When a particle collision happens, whichever restframe you pick the total momentum is conserved in the system as a whole, above the very short timescales of the uncertainty principle. If an uncertain interaction like say a three-body interaction happens in a black box that will magnify the uncertainties (eg The three-body problem shows us why we can’t accurately calculate the past, where uncertainties below the Planck scale matter), even so we know the total momentum of the system will be maintained. Uncertainty, doesn't mean no knowledge. An interesting point is that angular momentum is also relative like this, so when it's given we implicitly rely on a general restframe for the universe, but the universe as a whole could be spinning by any amount, and it would be unverifiable, unmeasurable.

Consider a particle-antiparticle pair. We can think of space as a sea of low-excitation pairs. When energy is added to a virtual pair, like say a gamma ray, you get a real pair, and the total quantum numbers of the massless chargeless photon are maintained, by the pair. But once they move apart, there isn't uncertainty like there was for the virtual pair, charge will be conserved even though it 'appeared from nowhere'. Feynman Diagrams can help us picture the virtual particle sea, with particle interactions shaped by all the possible things that could happen, but with probabilities and so impacts on the system observables, scaled down with the number of vertexes or crossing points of particle paths in the diagram.

So, saying all the properties are relational isn't like a kind of 'total subjectivity', where anything could be anything. There are waves of information bouncing around, limited by the speed of light (except entangled information, ER = EPR, but this can't be used to transmit FTL signals, I think of it as like spinning a coin and cutting it in half while it's still spinning, like the particle pair you know what is conserved), and paused fuzzily in isolated systems - entropy and the second law of thermodynamics can be described as state information's tendency to spread out, see the purification principle.

We can picture the whole universe as arising from uncertainty alone, with net properties of charge and mass of zero, but a series of divisions and separations that have emergent symmetries, like even space and time themselves emerging from a fuzzy soup of uncertainty (the quantum spin network).

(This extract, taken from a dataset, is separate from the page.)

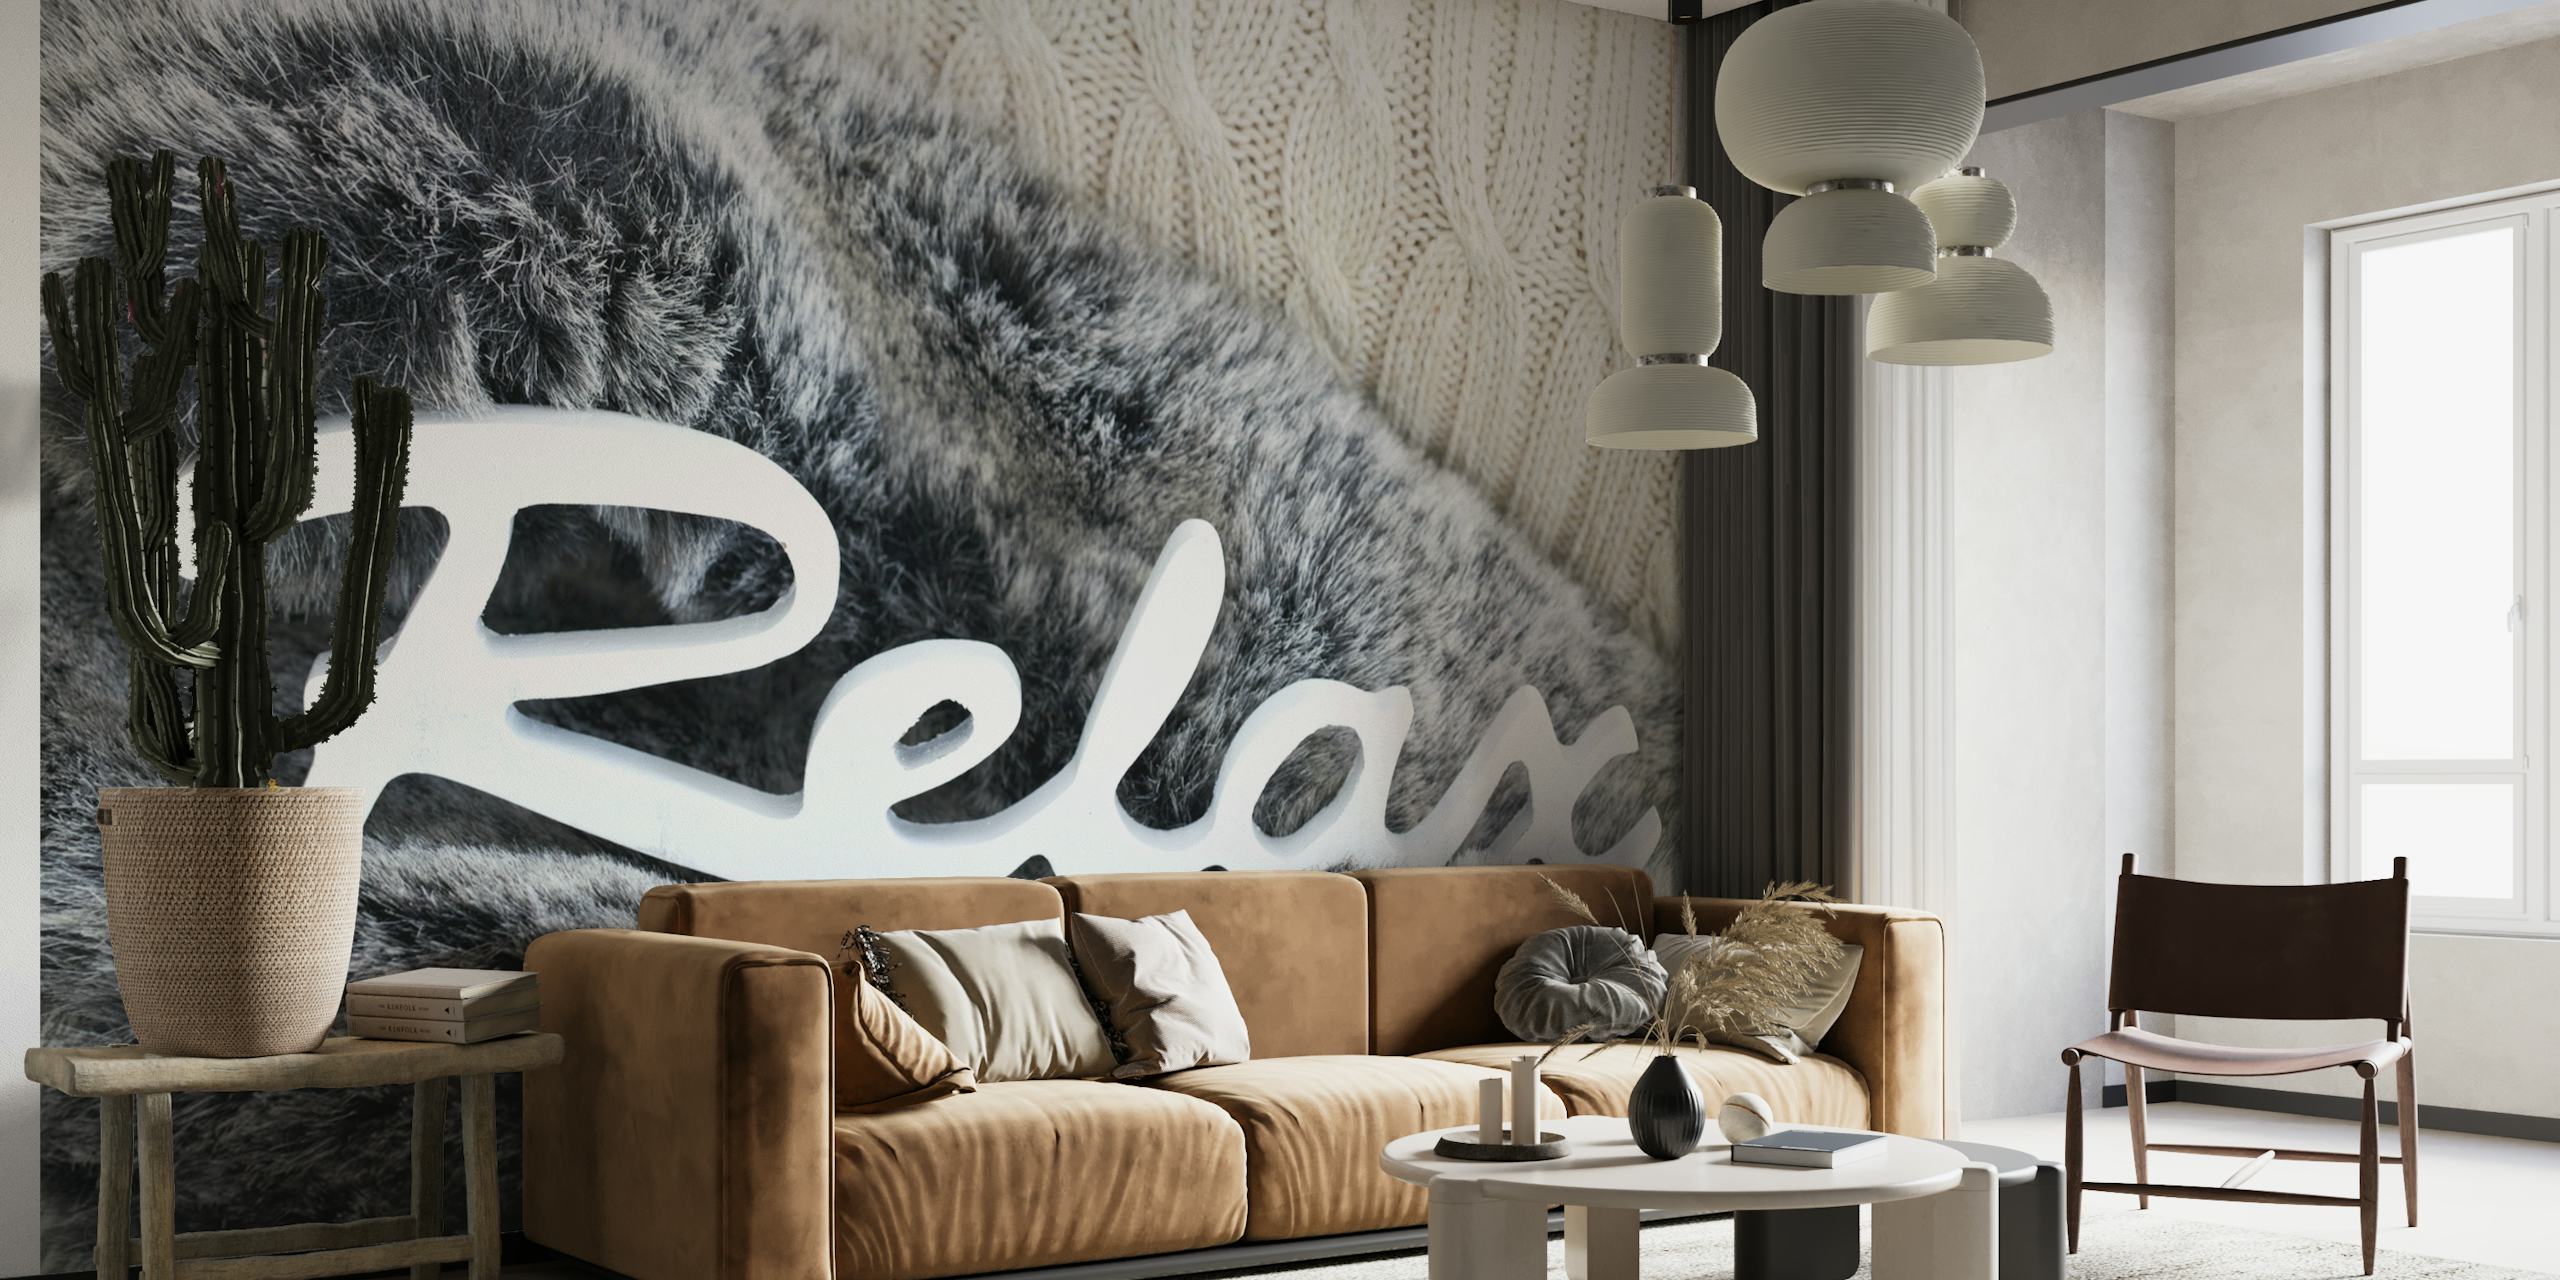 Veggmaleri med simulert pelstekstur og ordet "Relax" i stilig skrift
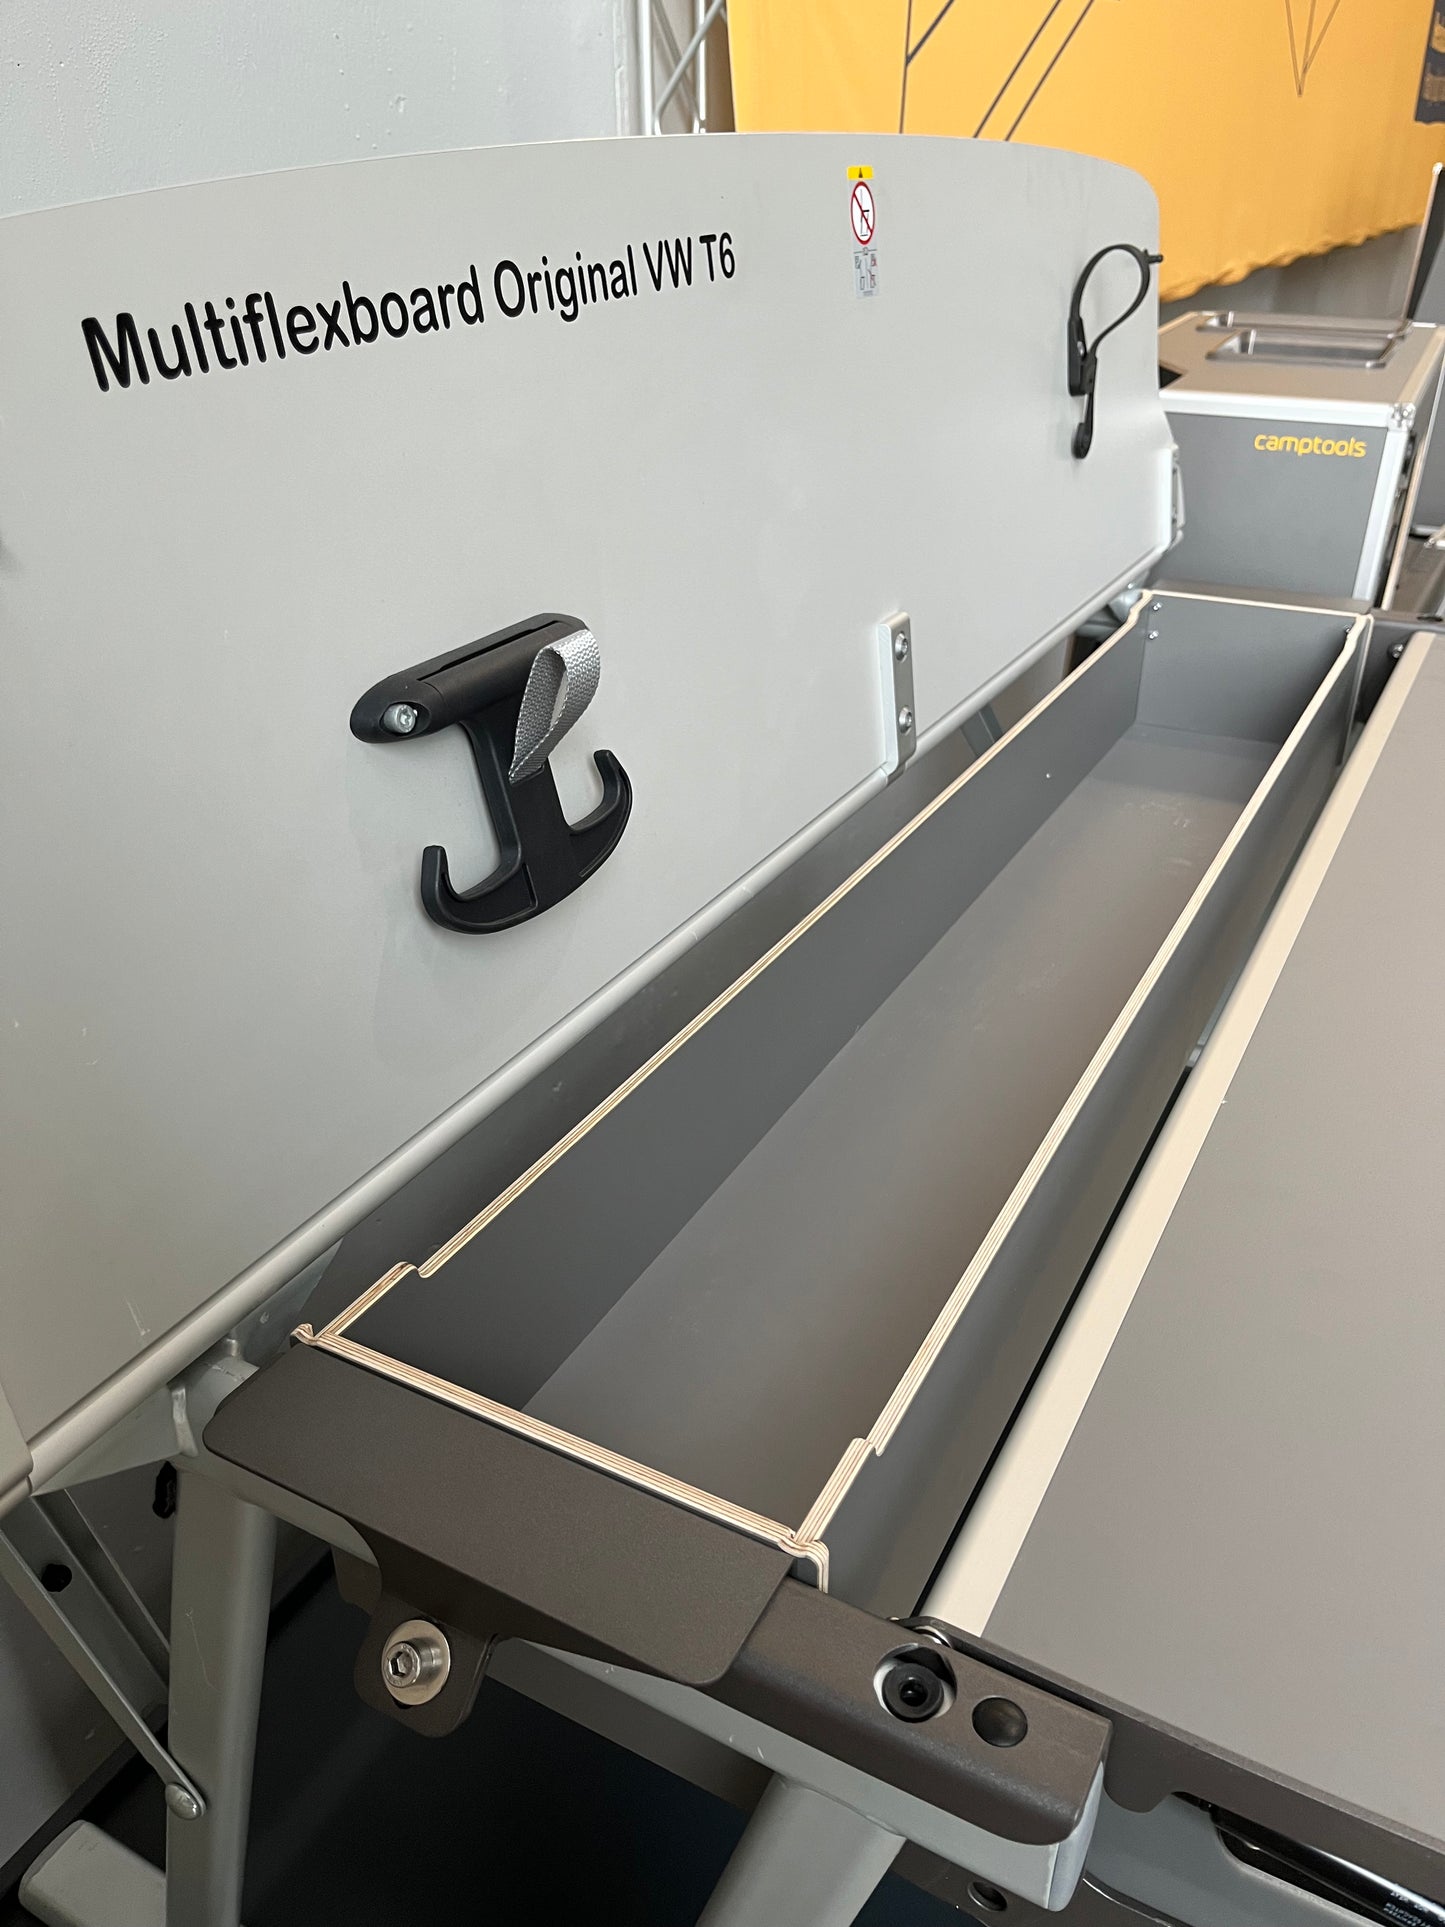 Tub for multiflex board VW

More on the limits of causal narratives vs symmetries & conservation laws here: Is the idea of a causal chain physical (or even scientific)?

Answer 4

If an electron doesn’t interact with other particles, it will disperse over space. It's position will get more and more uncertain, while its velocity will show less and less variation. Can we say the electron still exists? It will become an extended ghost-like entity, desperately seeking for interaction over larger and larger parts of space. With increasing efficiency. Will it find a positron to happily annihilate it, in a bright flash of love? Will it encounter a tau to hate, push and run away from? Without interactions and relations, there is no meaning to existence.